A glorious night, with the full moon rising.
Composer Strauss would almost have recognised the Venice the set portrayed at the start, but we the audience roared with recognition when in the second scene a hulking cruise ship appeared between the buildings.
The inside of the ship was the residence of the philandering Duke, and provided a fine setting for the French-farce-rushing-between-cabins of the second act.
The shadowy officers on the bridge of the ship, and the magician directing the action added a frisson of manipulation
The lake-stage at Mörbisch is another wonderful outdoors venue: you sit lake-side, with the stage a few meters over the water. Of course I expected lots of gondola-action.
But there wasn’t. Somehow, the water just acted as a bridge between stage and audience.
I Due Foscari (The Two Foscaris) at St Gallen. And no, there’s not normally water outside the cathedral.
Back in June we’d seen I Due Foscari (Verdi’s opera also set in Venice) outside the Cathedral in St Gallen.
There, they’d built a canal into the set, and the water was a major presence. There were gondolas as transport, singing-stage, and prison cage; the chorus spent a lot of time singing from in (not on) the water which emphasised their separation from the grandeur of the Doges’ chambers; and as the Doge himself descended into sorrow, remorse and death, he stumbled down the steps and into the water.
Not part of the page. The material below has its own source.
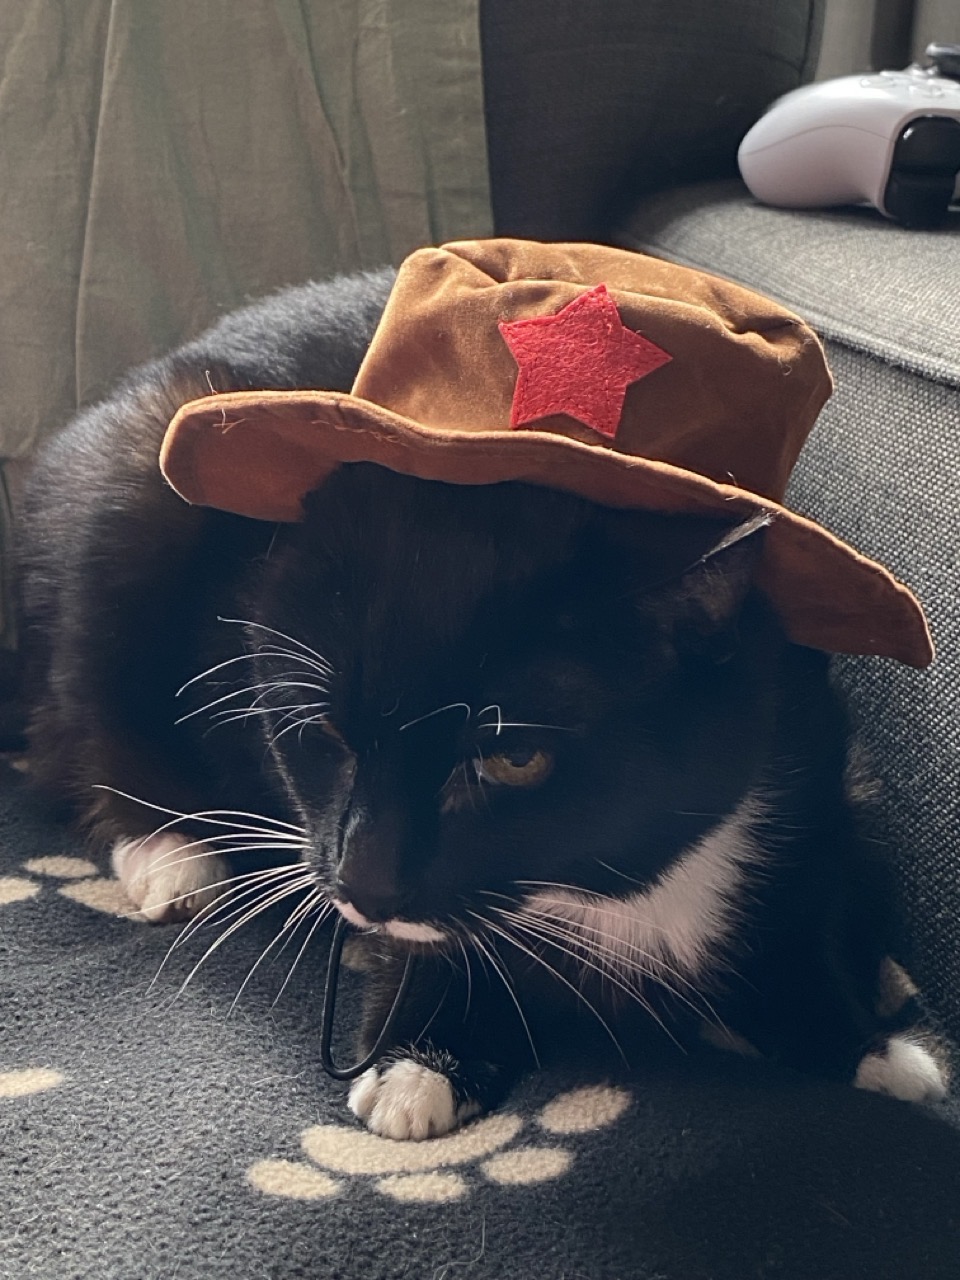 A cat wearing a cowboy hat. She looks distinctly unimpressed.

Brilliant symbolism.
Somehow I felt Mörbisch missed their watery opportunity. But … nonetheless, a great night.
But final fireworks plus water-play at Mörbisch … spectacular!
Funny, I haven’t mentioned the music. You know, I think we take it for granted now that the singers will be great, and able to act and move as well – and that the orchestra will be full-scale fine, and that the sound production will be impeccable. It’s the overall production that stays in the mind.
As these will. Too much? Never!
So, a few more photos too.
Another nice symbolism – a wrecked gondola being lifted from the canal during the overture to Eine Nacht…..
The prison scene for Tosca
They put the fireworks into the interval at Tosca – not to overwhelm the final tragedy of the ending, I think.
And looking back to 2007 at the St Margrethen Steinbruch, just because we can …
Nabucco enters on his war-machine, Nabucco 2007
The destruction of the temple in Jerusalem, Nabucco 2007.